On December 29, 2012, Newpark Resources, Inc. (“Newpark”) announced that it has entered into a definitive agreement to acquire substantially all of the assets and operations of Alliance Drilling Fluids, LLC and its subsidiaries (collectively, “Alliance”), a provider of drilling fluids, proppants, and related services headquartered in Midland, Texas. On December 31, 2012, Newpark announced that it has closed the acquisition of substantially all of the assets of Alliance. Cash consideration at closing was approximately $53 million, subject to adjustments for actual working capital conveyed. Additional consideration up to $4.3 million may be payable based on the profitability of the proppant business over the two year period following the acquisition. The transaction was funded through borrowings on Newpark’s revolving credit facility. Copies of the press releases are attached hereto as Exhibits 99.1 and 99.2 and incorporated in this Item 7.01.

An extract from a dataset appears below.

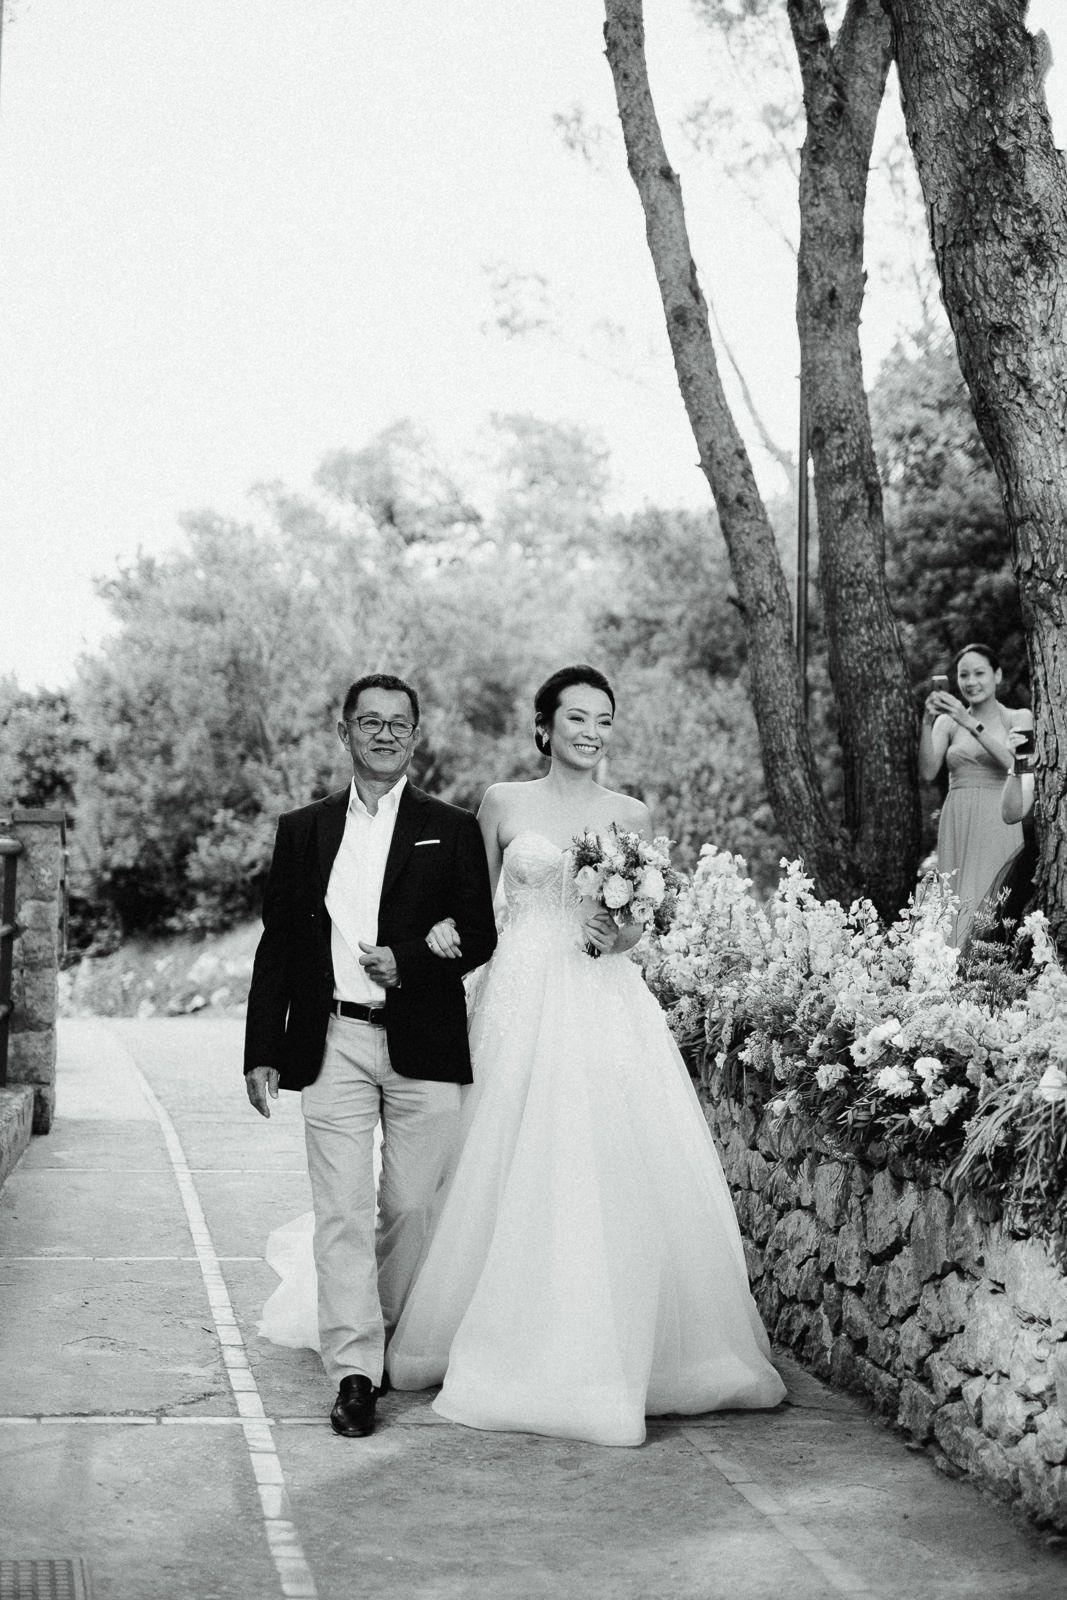 Wedding Ceremony in Capri Island - Wedding in Capri

The information referenced under Item 7.01 (including Exhibit 99.1 and Exhibit 99.2 referenced in Item 9.01 below) of this Current Report on Form 8-K is being “furnished” under “Item 7.01. Regulation FD Disclosure” and, as such, shall not be deemed to be “filed” for the purposes of Section 18 of the Securities Exchange Act of 1934, as amended (the “Exchange Act”), or otherwise subject to the liabilities of that Section. The information set forth in this Current Report on Form 8-K (including Exhibit 99.1 and Exhibit 99.2 referenced in Item 9.01 below) shall not be incorporated by reference into any registration statement, report or other document filed by Newpark pursuant to the Securities Act of 1933, as amended (the “Securities Act”), except as shall be expressly set forth by specific reference in such filing. Newpark does not undertake to update the information as posted on its website; however, it may post additional information included in future press releases and Forms 8-K, as well as posting its periodic Exchange Act reports.
Item 9.01 Financial Statements and Exhibits.
(d) Exhibits.
99.1 Press release issued by Newpark Resources, Inc. on December 29, 2012.
99.2 Press release issued by Newpark Resources, Inc. on December 31, 2012.
SIGNATURES
Pursuant to the requirements of the Securities Exchange Act of 1934, the registrant has duly caused this report to be signed on its behalf by the undersigned hereunto duly authorized.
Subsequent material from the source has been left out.